Carlie is a Westie that was a rescue thru the Internet. A lovely lady who rescues rotties had the mom and puppies, which the breeder had 'given up'...Carlie was 10 weeks old, just spayed and microchipped and had the appropriate shots and deworming. We fell in love with her instantly. Our 5 yr old Westie accepted her immediately and helped big time with all aspects of training. Carlie never chewed on us, she never touched anything to play or chew except her 'stuff'. She does everything that we ask of her, she gets lots of treats for every good thing she does and is now a well, behaved, housebroken, 6 months old.

We feel so lucky to have found her!

Thanks for letting me brag!:wave::wave:

Now if I could only figure out why my pix upload upside down.....


----------



## Tylerthegiant (Apr 5, 2013)

They are super cute even upside down! Sounds like you are one of the lucky ones that adopted a Disney dog! I know they're out there, but my adoptees all had issues. She sounds wonderful!


----------



## Theckler60 (Apr 7, 2013)

I'm happy about your finding a sweet rescue. Very handsome dogs, by the way!!


----------



## packetsmom (Mar 21, 2013)

I think a rescue brag is always welcome!  And I have a soft spot for rotties, too. A breed with such an unearned bad reputation and so sweet and cuddly when properly socialized and trained.


----------



## Sparkles123 (Dec 3, 2012)

My rescue is a Westie...the rescue lady works with a rottie rescue group in Orange County. She is wonderful!
We take our puppy back to her for boarding sometimes, so she has seen the progress and is quite impressed!
In my younger years I trained dobies in obedience....loved them, I took one of them all the way to UD (utility dog)
He was a rescue as well with floppy ears! Now I just want well behaved pets to kayak with and play in the golf cart!


----------



## packetsmom (Mar 21, 2013)

I don't know how I missed that in the original post! 

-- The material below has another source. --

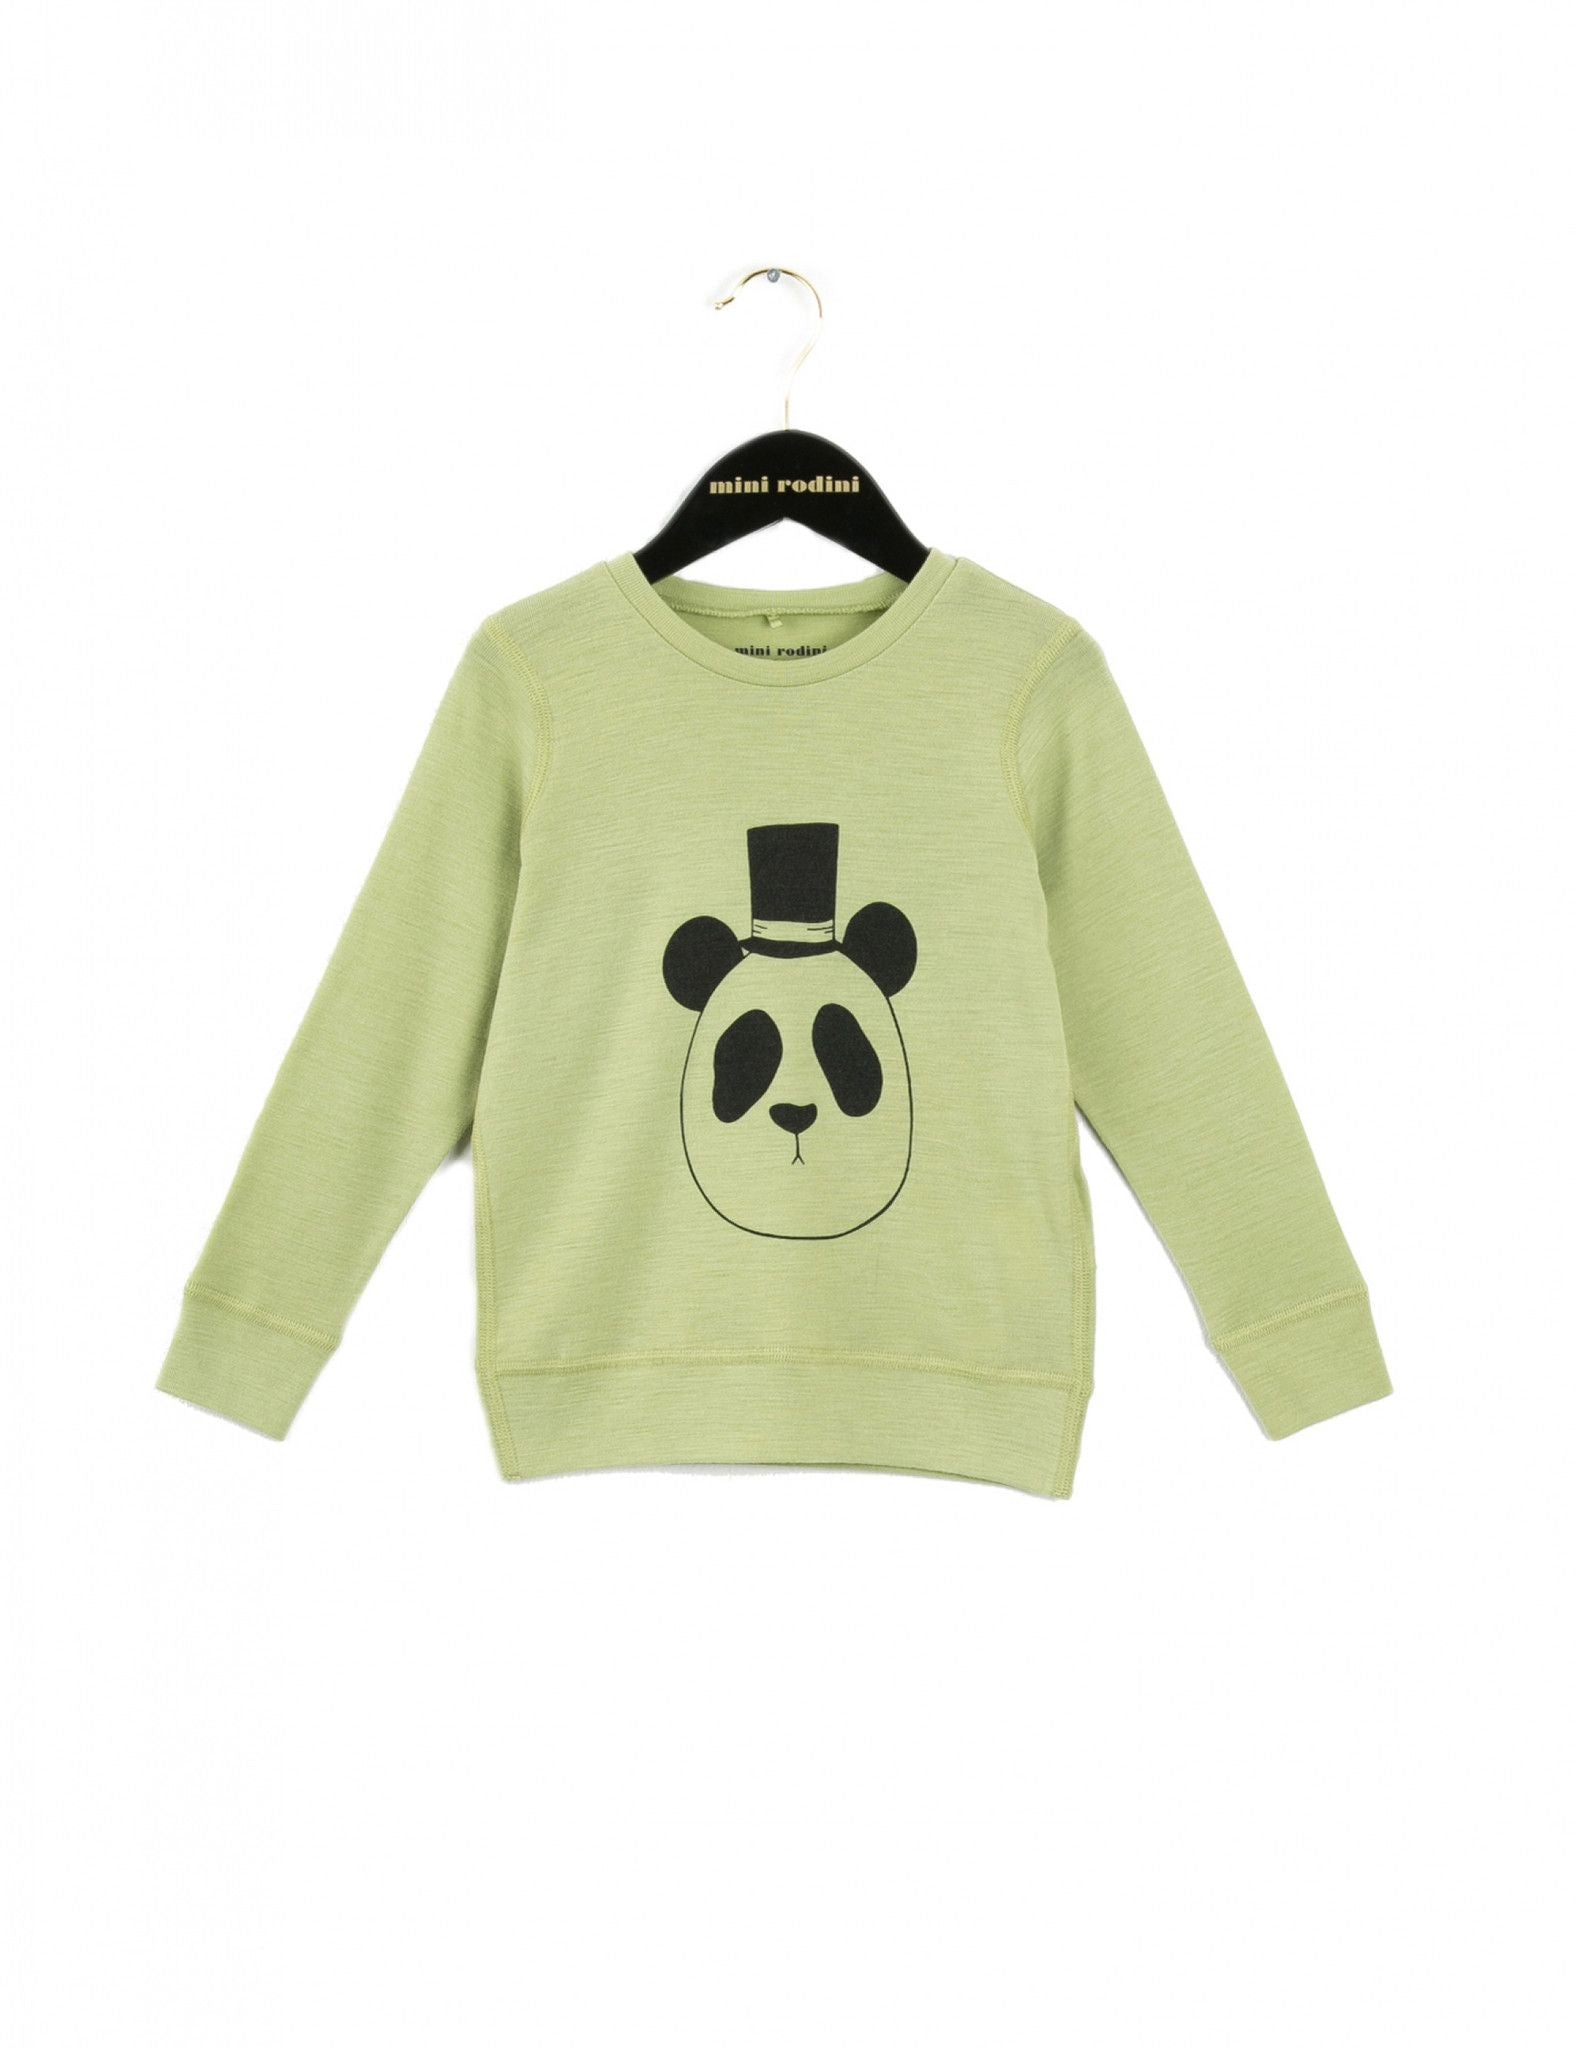 Panda Green Wool Base Layer Shirt - CÉMAROSE | Children's Fashion Store - 1
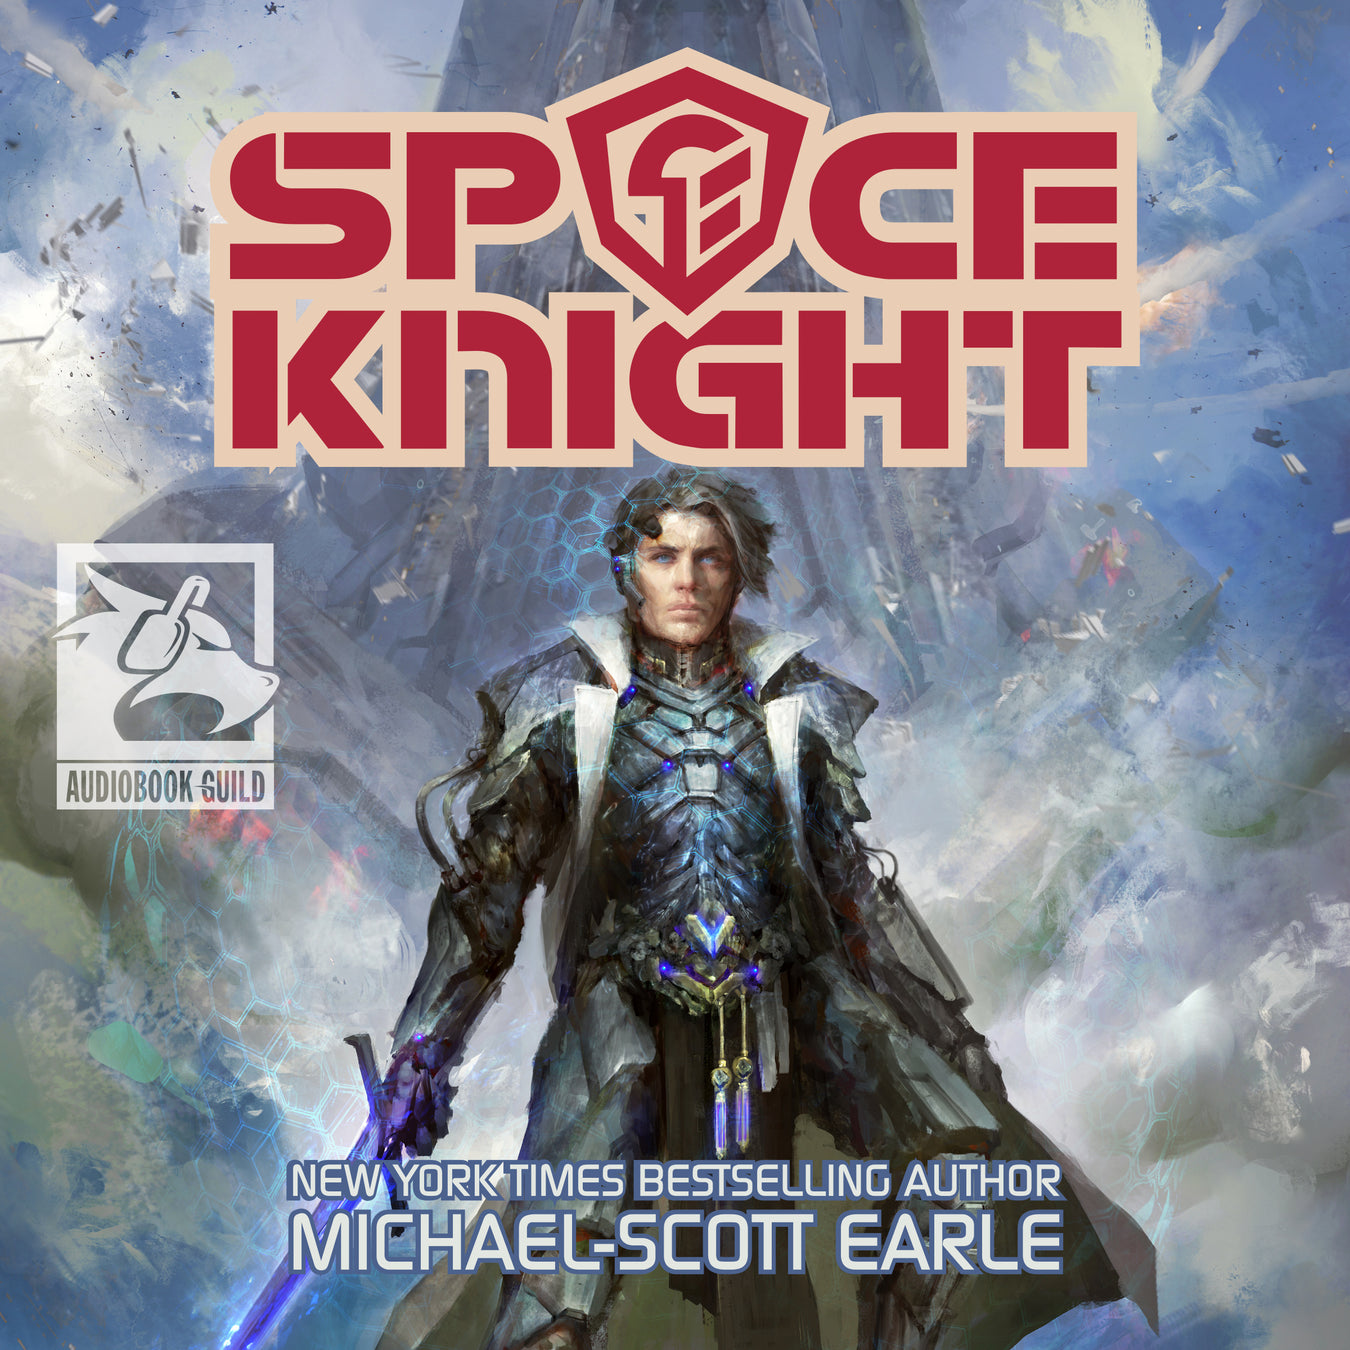 Space Knight by Michael-Scott Earle

I'm so glad that she's found such a perfect home and is doing so well!


----------



## Sparkles123 (Dec 3, 2012)

Thanks for letting me brag!


----------



## Vicky88 (Jan 29, 2012)

I'm glad you found her and gave her a home. She sounds lovely.


----------



## Sparkles123 (Dec 3, 2012)

Ok...I will
I decided to add hand signals yesterday...she is so treat oriented, it took her all about five min to get the down signal perfected....she's super smart. Today, I just had to lift my hand and down she went every time, treat or no treat....pretty cool!


----------



## CptJack (Jun 3, 2012)

Sparkles123 said:


> Ok...I will
> I decided to add hand signals yesterday...she is so treat oriented, it took her all about five min to get the down signal perfected....she's super smart. Today, I just had to lift my hand and down she went every time, treat or no treat....pretty cool!

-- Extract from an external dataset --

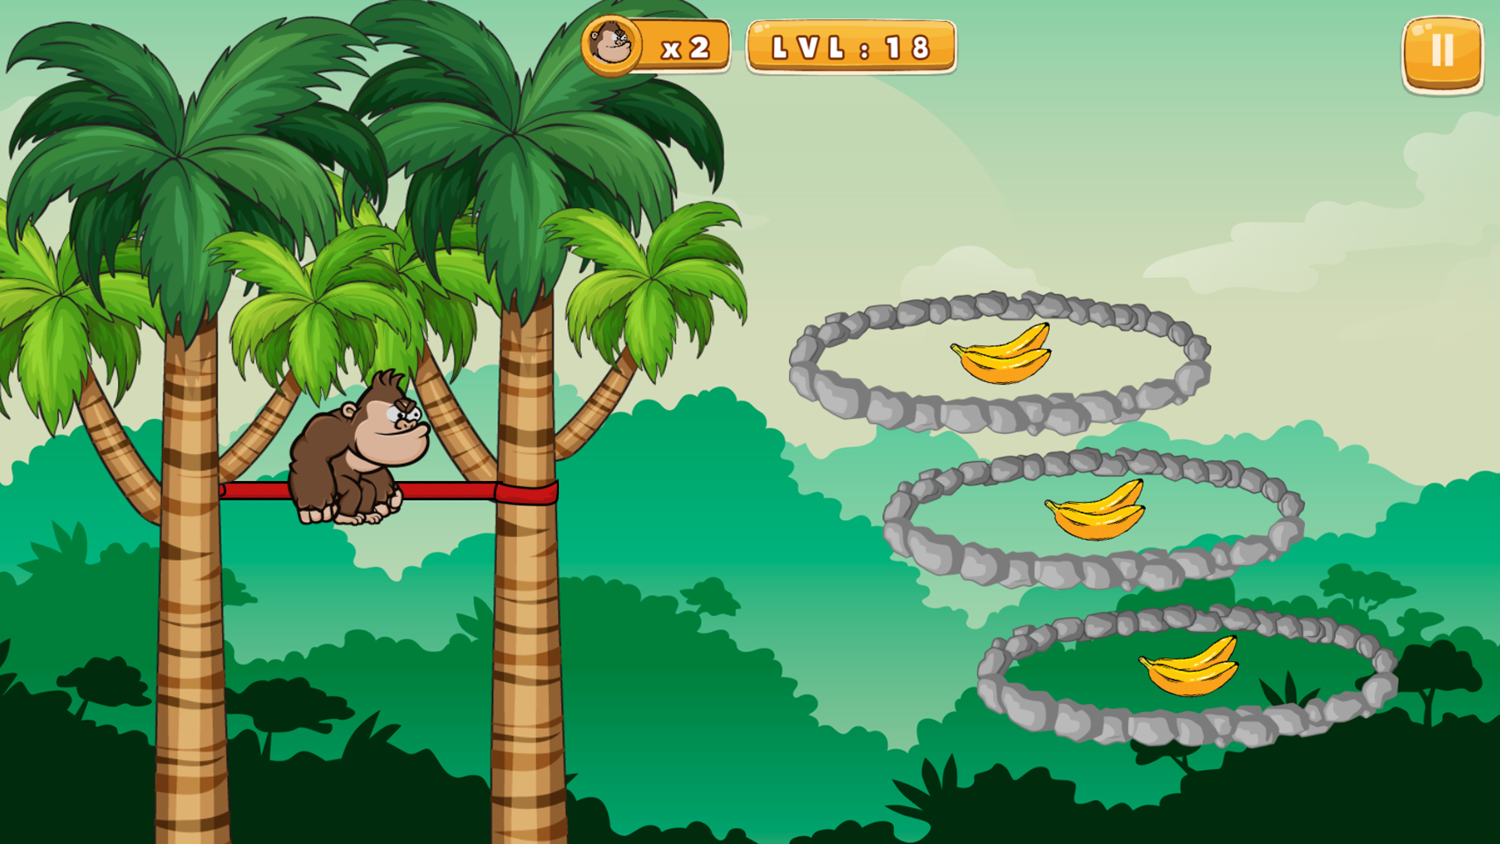 Monkey King Game Level Progress Screenshot.

Dogs, in general, pick up hand signals SO MUCH FASTER than words. I don't even bother adding words to some random commands, anymore, and working with a deaf dog means I'm working with signals the vast majority of the time, anyway. 

What a smart girl, though! That's a FAST pick up!


----------



## Abbylynn (Jul 7, 2011)

Smart puppy!  We also need more photos!


----------